* **Data provided**:
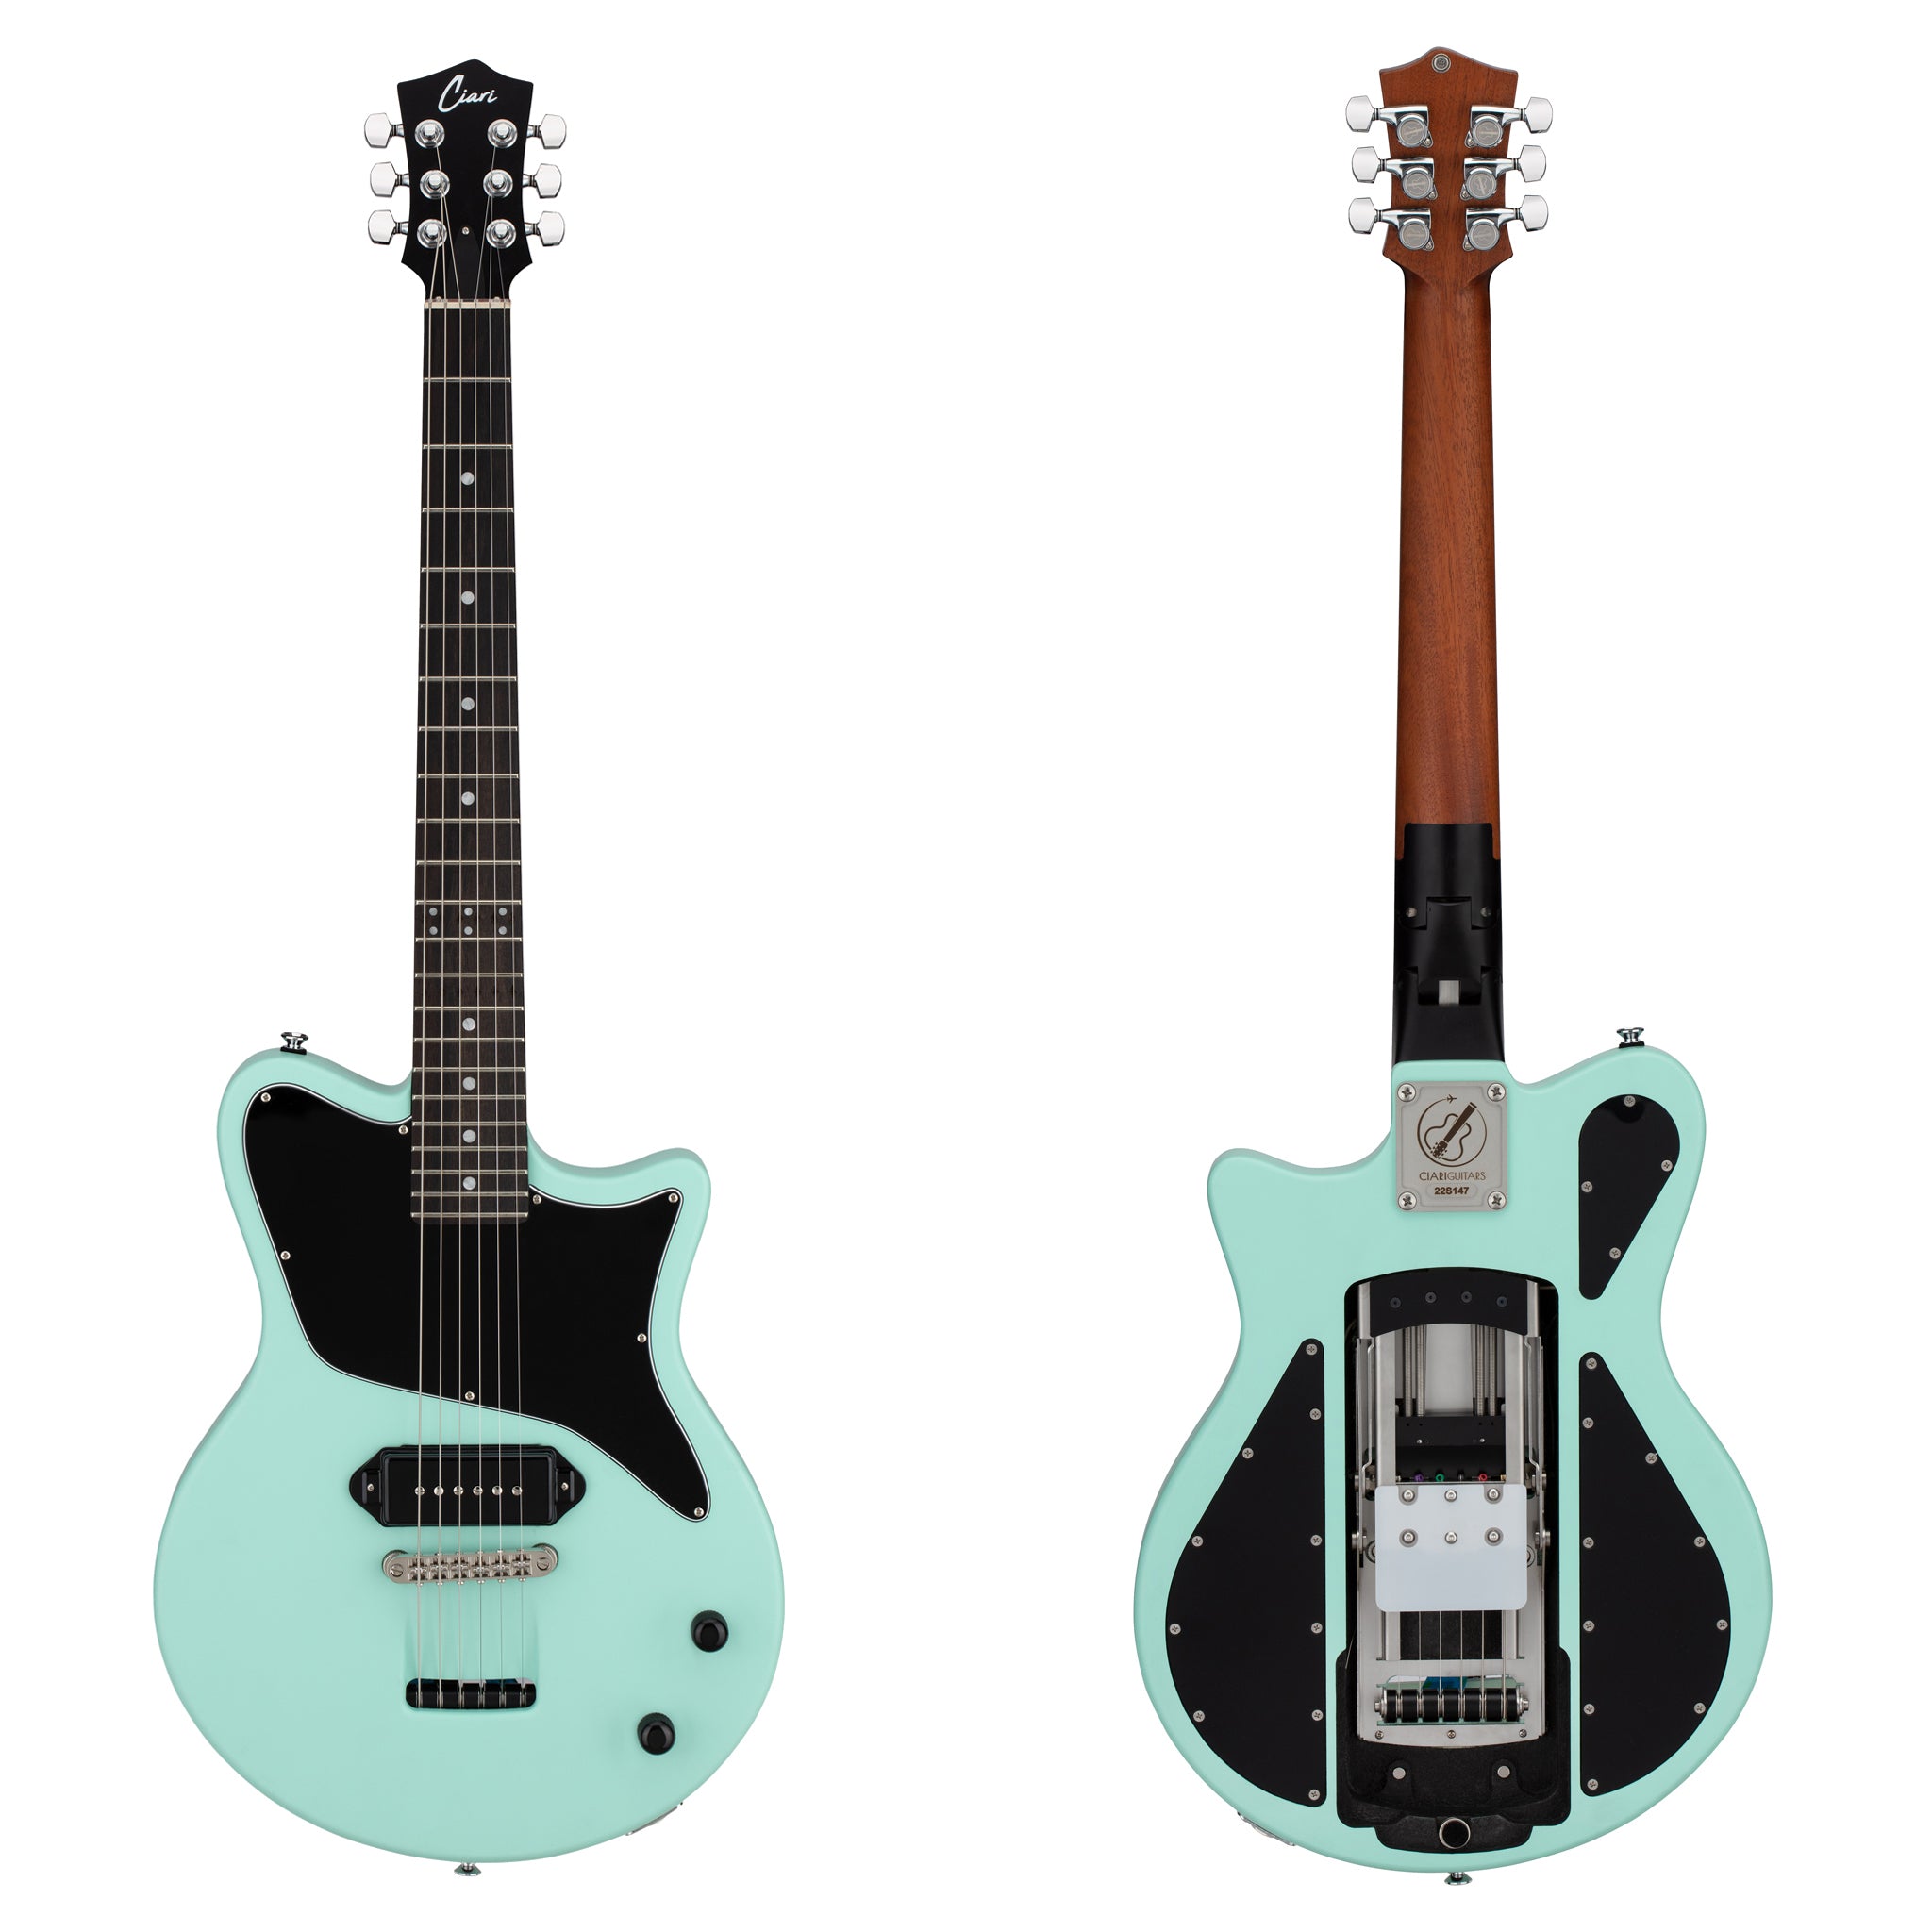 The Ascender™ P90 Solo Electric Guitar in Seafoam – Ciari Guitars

==

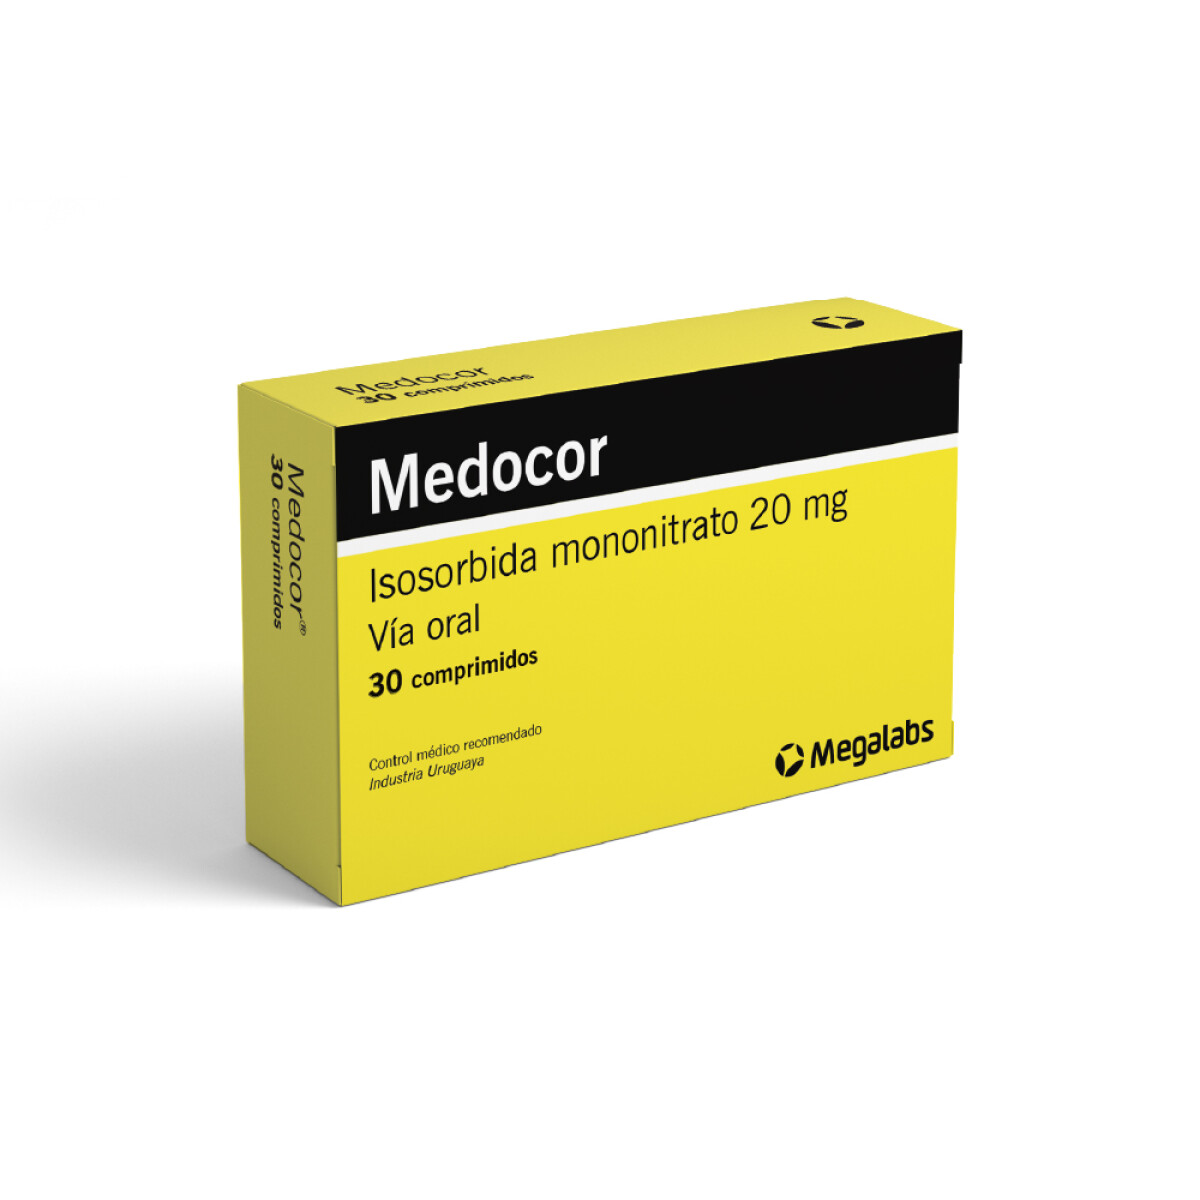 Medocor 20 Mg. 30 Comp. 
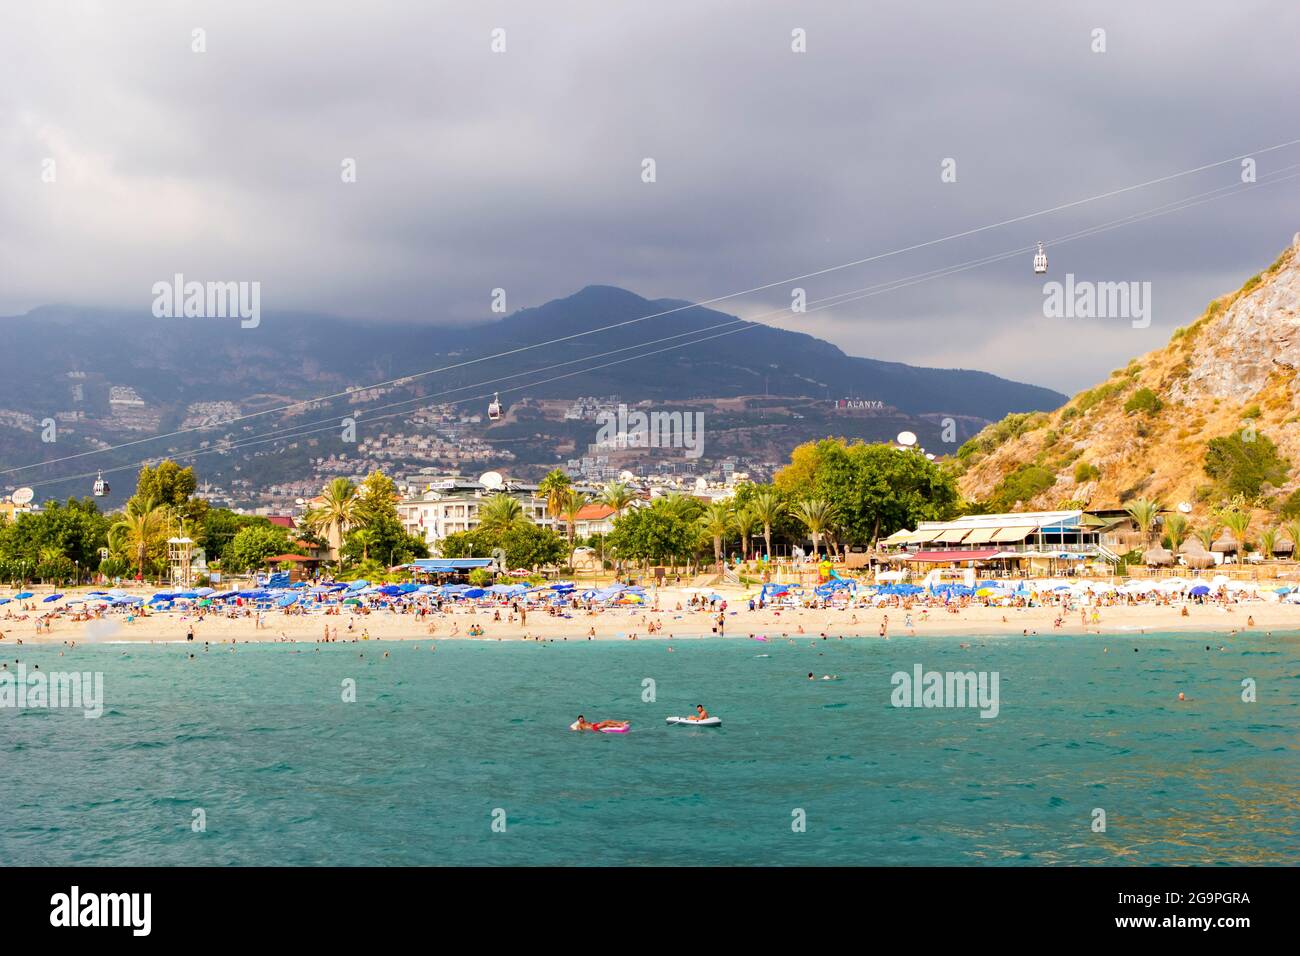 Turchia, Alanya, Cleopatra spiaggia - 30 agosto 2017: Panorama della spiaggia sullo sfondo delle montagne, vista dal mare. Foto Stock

* **Work to be completed**: Once the line with "Medocor 20 Mg. 30 Comp." is found in the data above, reproduce it and each line after it exactly, through the line with "Turchia, Alanya, Cleopatra". Omit the pictures.

* **Answer area**:
 Medocor 20 Mg. 30 Comp. 
 Turchia, Alanya, Cleopatra spiaggia - 30 agosto 2017: Panorama della spiaggia sullo sfondo delle montagne, vista dal mare. Foto Stock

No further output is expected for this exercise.